At the back of the book there were two more websites with even more ideas.  I couldn't get through all of it last night so I woke up to look at http://www.youngentrepreneur.com/blog/100-business-ideas-you-can-drive-home-today/

The website listed a re-sale opportunity I hadn't thought of yet.  Wedding dresses!   I decided to actually make an investment today and try to buy something to re-sell.  I went to my favorite thrift store looking for some wedding dresses.  No white gowns today but I spent $5 on  3 party dresses and 2 pairs of pants.  If I get $5 for each item, I will have made 500%.  I'm starting small but hoping I can get a feel for what will sell quickly and grow from there.

Well off to work!

Saturday, March 12, 2011

The Background Story-is there life after teaching?

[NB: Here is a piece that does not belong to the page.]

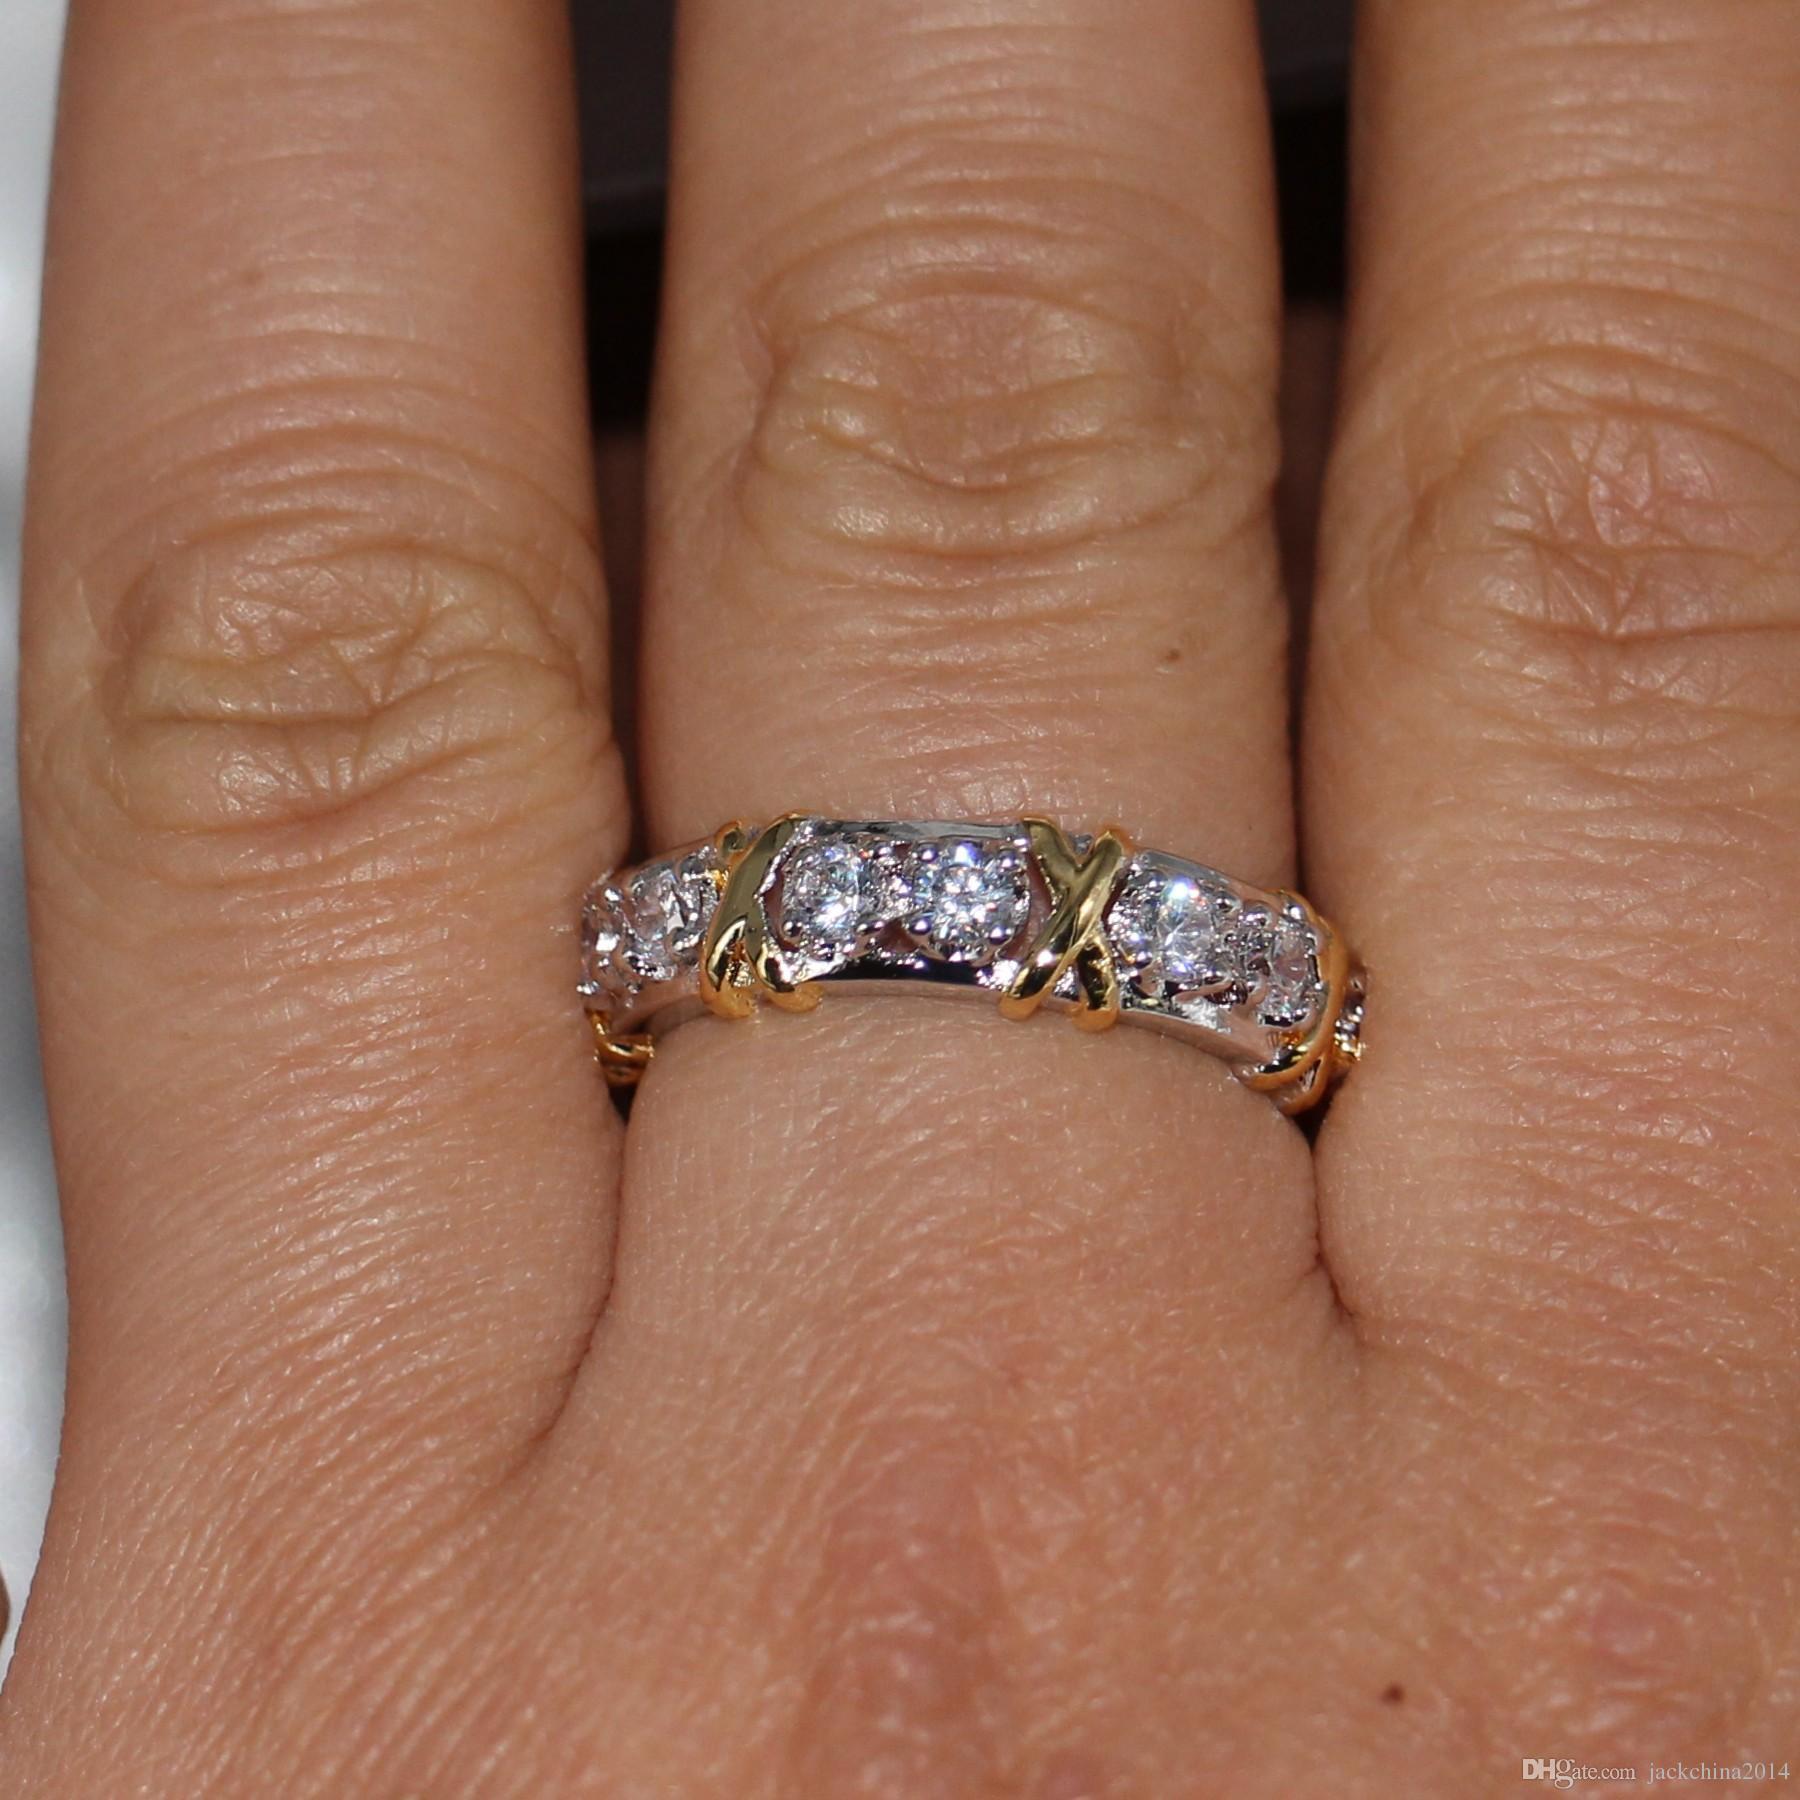 Wholesale Professional Eternity Diamonique CZ Simulated Diamond 10KT White&Yellow Gold Filled Wedding Band Cross Ring Size 5-11

My biggest fear when I started teaching (and through my entire 17 year career) wasn't that a child would vomit on me or the principal would spend half a day in my class.  My worst fear from the very start was losing the wonderful career I had and not being able to teach.  I loved my work so much that I regularly feared the situation I now find myself in.  What would happen if I couldn't teach?

Anytime you type "former teacher" into the search engine, you come up with stories of teachers accused of misconduct (ok gross misconduct) and their life is forever changed.  The interesting thing is, all of the stories begin with "accused of" and that is all it takes.  I knew from the time I took my first position (opened in the middle of the year because the teacher was arrested for having relations with a high school student) that my career could be over at the mere accusation of a student, parent, or co-worker who didn't want me around.

This is a lot of stress to carry with you when you enjoy what you are doing so much.  Not only did I need to fear the actions of others, but I consistently needed to self audit my language and actions anywhere I would be seen.  The termination of a teacher holding beer steins in various countries on a Facebook page only added to the sometimes over-whelming fear that something could get in the way of me and my wonderful title of "teacher."

Perhaps in future posts, I can describe the various places I taught which included prek-university with the exclusion of k,6th,9th and 10th.  For now I'll just describe the reason I find myself looking for a life after teaching.

I found myself full-circle in a position of my dreams this year.  I was hired to run the preschool program that was operated by juniors and seniors.  I was to instruct the high school teachers and they instructed the prek students.  I loved everything about this position and was doing a pretty good job despite a few "bumps in the road."  Then the unexpected happened: I became ill. 

My worst fear came true, but not because of anyone accusing me of anything.  I can no longer teach because my body won't let me. 

So begins my life after teaching.  I'm 3 months into my life now and I still have not figured out exactly what comes next. If there is anyone out there who has already made this type of transition, I'd love to hear from you!